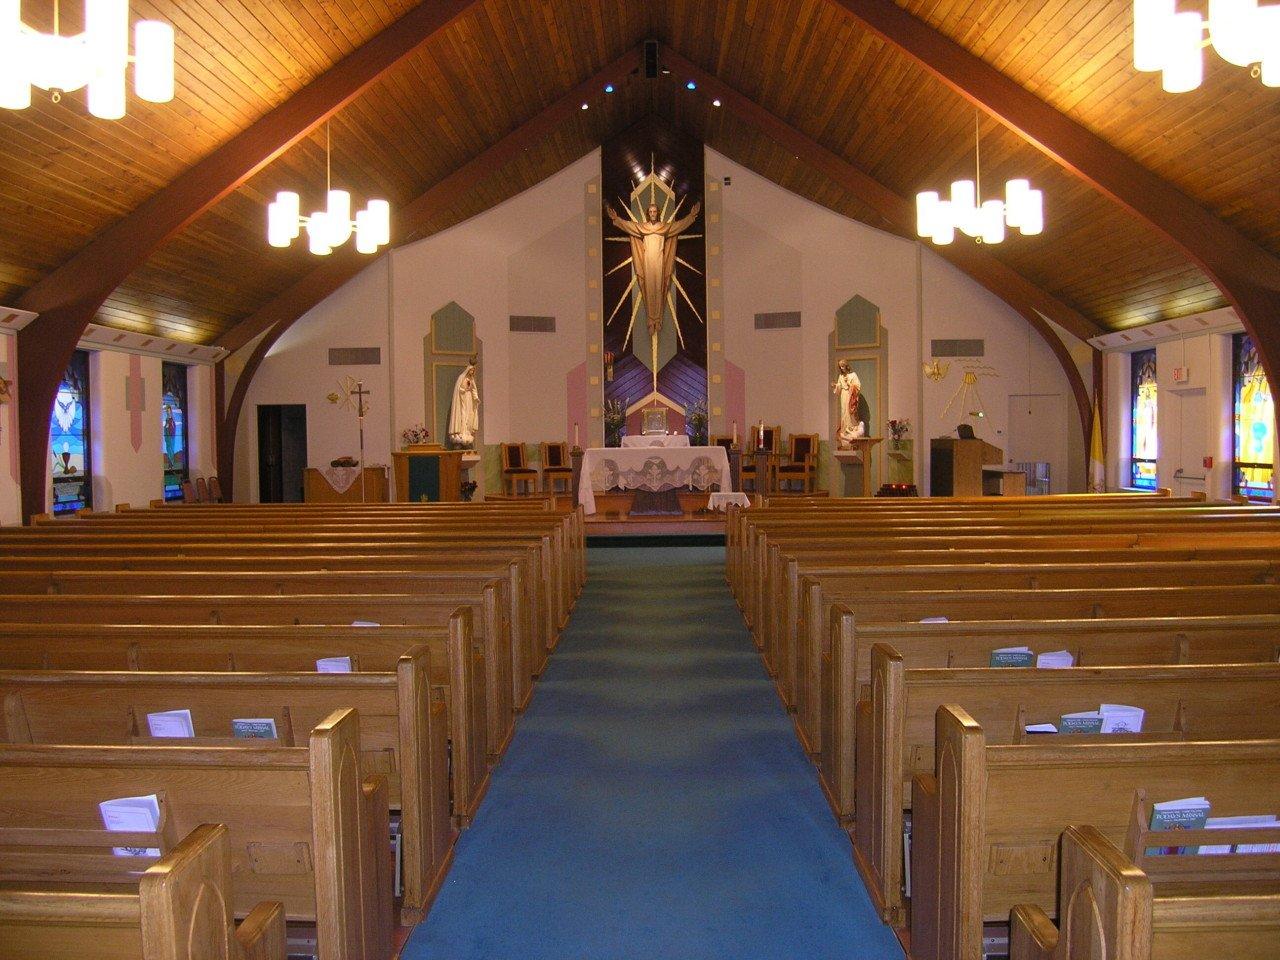 Case study custom church lighting artech church interiors for Artech custom home designs
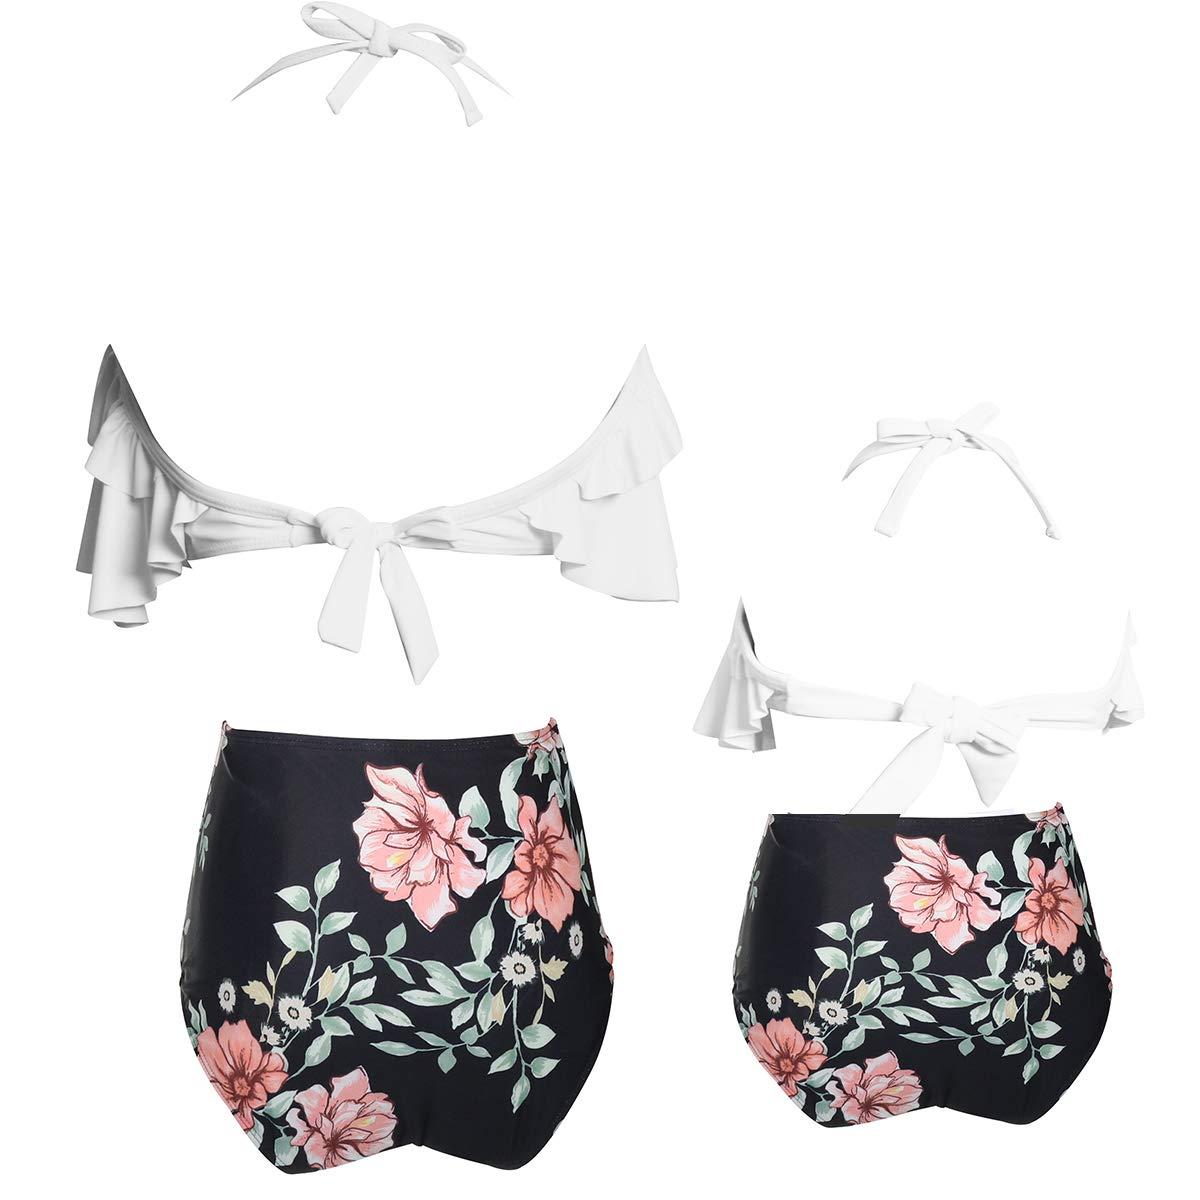 2 Piezas Bikini Conjuntos de Cintura Alta con Volantes de la impresi/ón de la Flor Trajes de ba/ño Ropa de la Familia Madre Trajes de la Hija
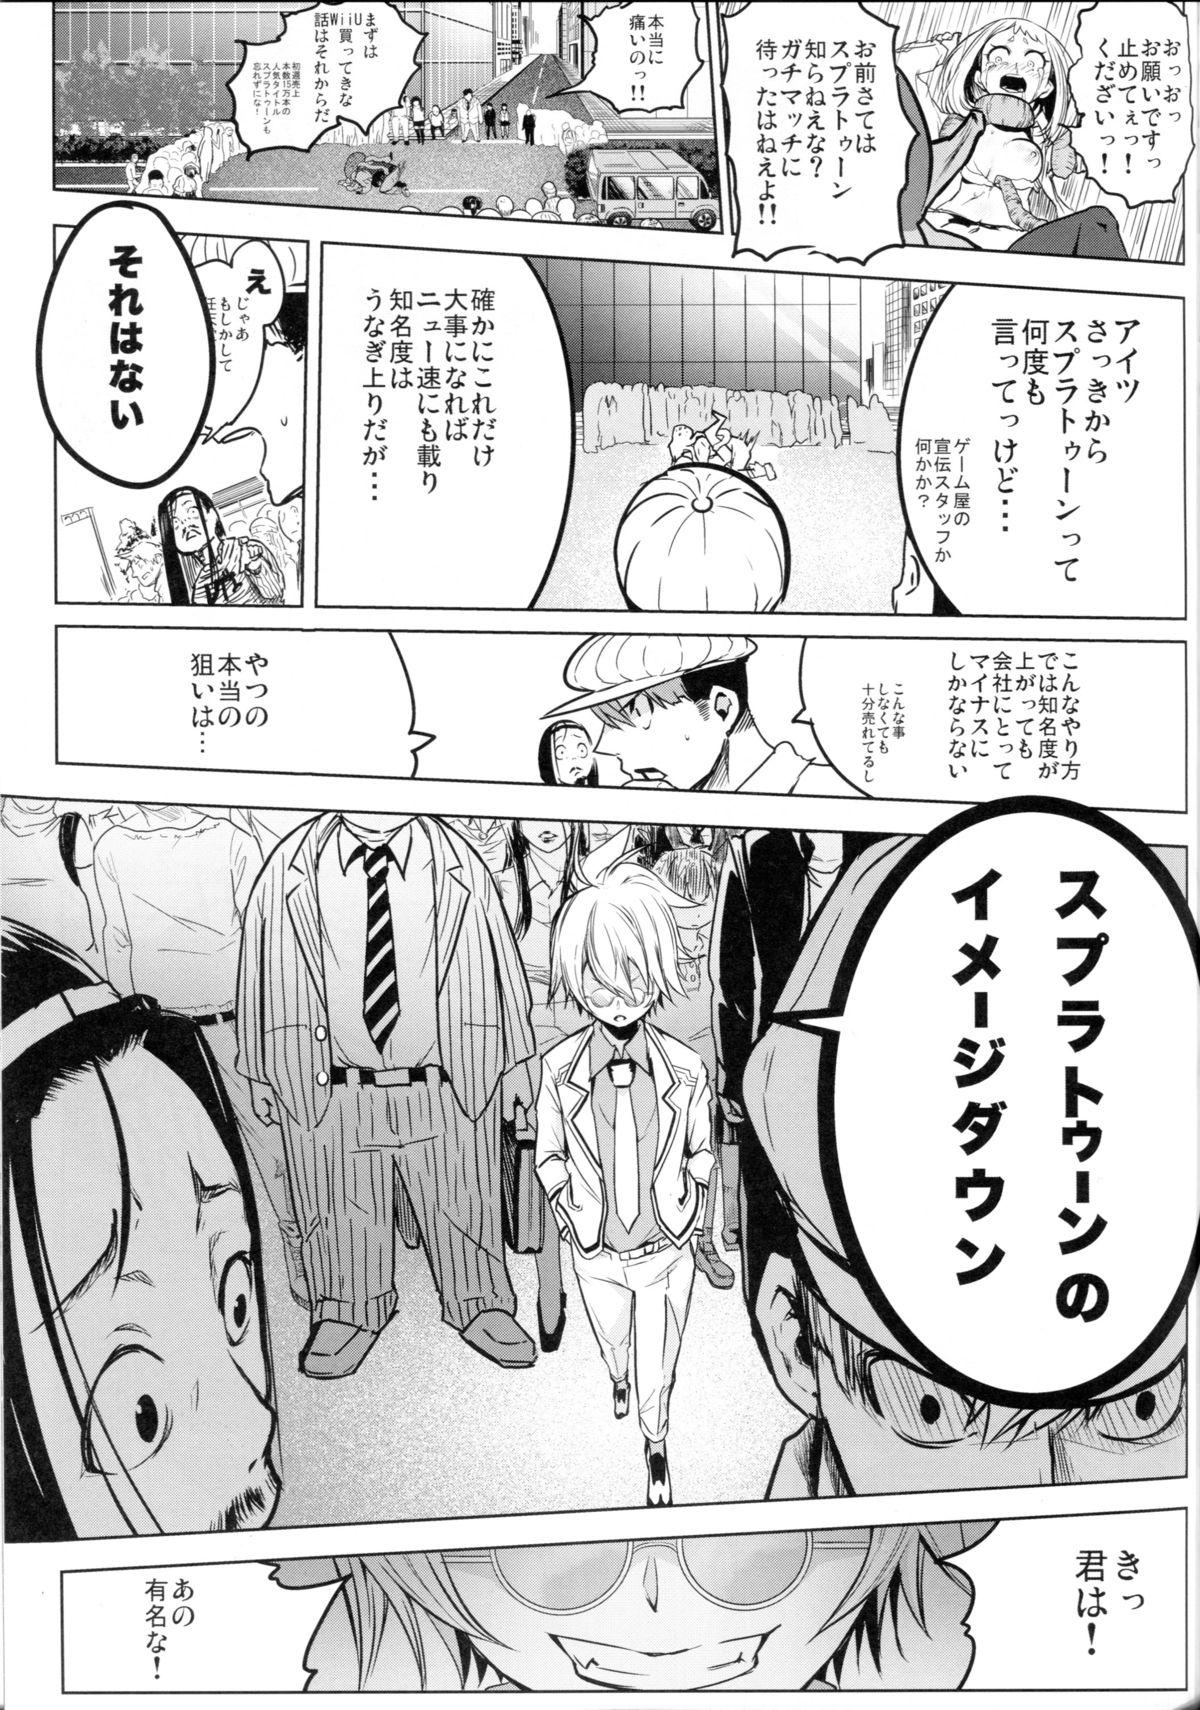 Saredo Uraraka ni! Ikari no Gachimacchi - Still Behave Uraraka! 14

────────────────────────────────────────

__What you will do__.
Please print all the data above word for word. Pictures should not appear in the copy.

__Output for this exercise__.
 Case study custom church lighting artech church interiors for Artech custom home designs
 2 Piezas Bikini Conjuntos de Cintura Alta con Volantes de la impresi/ón de la Flor Trajes de ba/ño Ropa de la Familia Madre Trajes de la Hija
 Saredo Uraraka ni! Ikari no Gachimacchi - Still Behave Uraraka! 14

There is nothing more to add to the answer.